Current Metrics:Training accuracy: 92%, Validation accuracy: 88%, Current deployed model accuracy on recent data: 75%
Issue:The model shows signs of performance degradation (accuracy dropped from 88% validation to 75% on recent data), indicating possible data drift or concept drift.
Your Task
Implement a monitoring system that tracks the model's prediction accuracy on new incoming data and alerts when accuracy drops below 85%.
You cannot retrain the model in this task.
Use only Python and common NLP libraries (e.g., scikit-learn, pandas).
Simulate new incoming data with a small sample.
Hint 1
Hint 2
Hint 3
Solution
NLP
import pandas as pd
from sklearn.feature_extraction.text import CountVectorizer
from sklearn.linear_model import LogisticRegression
from sklearn.metrics import accuracy_score

# Simulated training data
train_texts = ["I love this product", "This is bad", "Amazing quality", "Not good", "Excellent!", "Terrible experience"]
train_labels = [1, 0, 1, 0, 1, 0]

# Train a simple model
vectorizer = CountVectorizer()
X_train = vectorizer.fit_transform(train_texts)
model = LogisticRegression(max_iter=1000)
model.fit(X_train, train_labels)

# Simulated new incoming data batch (recent data)
new_texts = ["I hate this", "Very good", "Worst ever", "I like it", "Not bad"]
new_labels = [0, 1, 0, 1, 1]  # True labels for monitoring

# Transform new data
X_new = vectorizer.transform(new_texts)

# Predict with deployed model
predictions = model.predict(X_new)

# Compute accuracy
accuracy = accuracy_score(new_labels, predictions) * 100

# Monitoring check
threshold = 85.0
print(f"Model accuracy on new data: {accuracy:.2f}%")
if accuracy < threshold:
    print(f"ALERT: Model accuracy dropped below {threshold}%!")
Added a monitoring function to compute accuracy on new incoming data.
Simulated new data batch with true labels to evaluate model performance.
Included an alert print statement when accuracy falls below 85%.
Results Interpretation

Before monitoring: Model accuracy on recent data was unknown or not tracked, leading to unnoticed performance drop.

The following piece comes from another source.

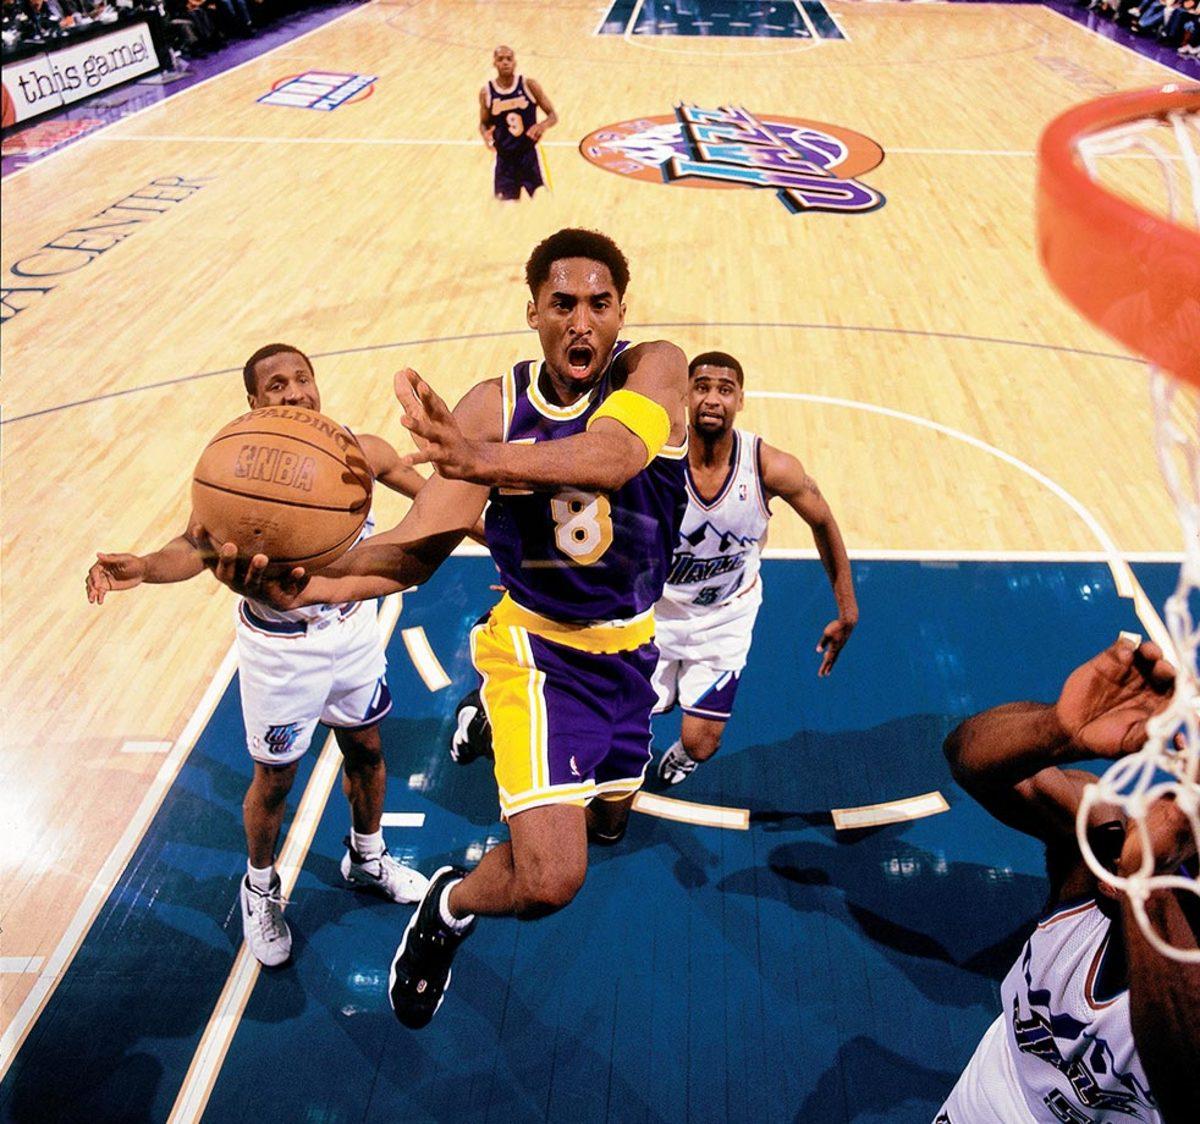 1998-0518-Kobe-Bryant-NBA01S.jpg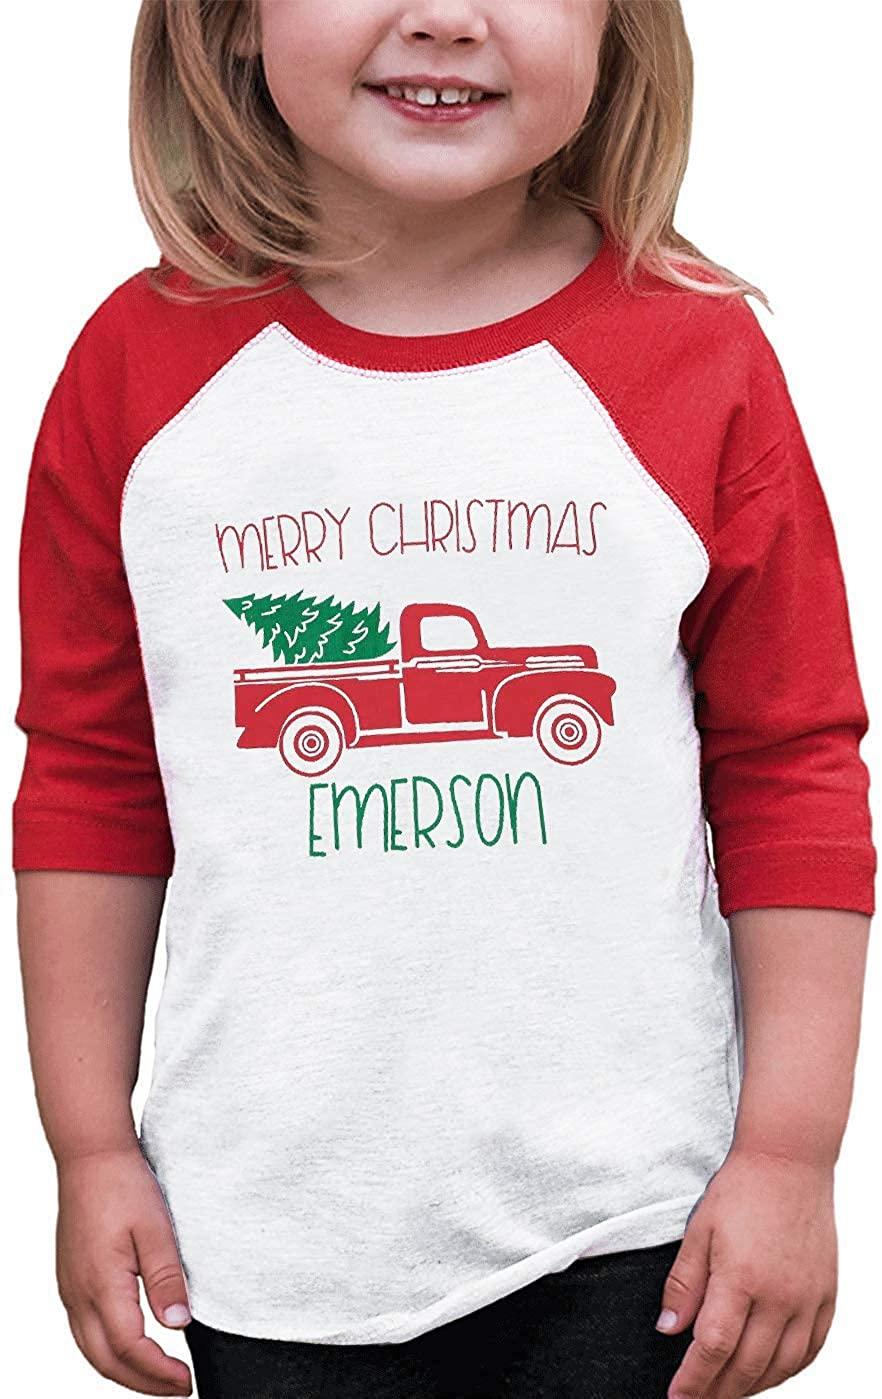 Toddler Baby Boy Girl Merry Christmas Emerson Tshirt Christams Truck Tree Tee Tops Cute Raglan Sleeve Shirts

After monitoring: Model accuracy on new data is computed as 80%, which is below the 85% threshold, triggering an alert.

Monitoring deployed NLP models with simple accuracy checks on new data helps detect performance drops early, enabling timely interventions before serious issues occur.
Bonus Experiment
Extend the monitoring system to track and plot accuracy over multiple batches of new data to visualize trends.
💡 Hint
Store accuracy values in a list and use matplotlib to plot accuracy over time.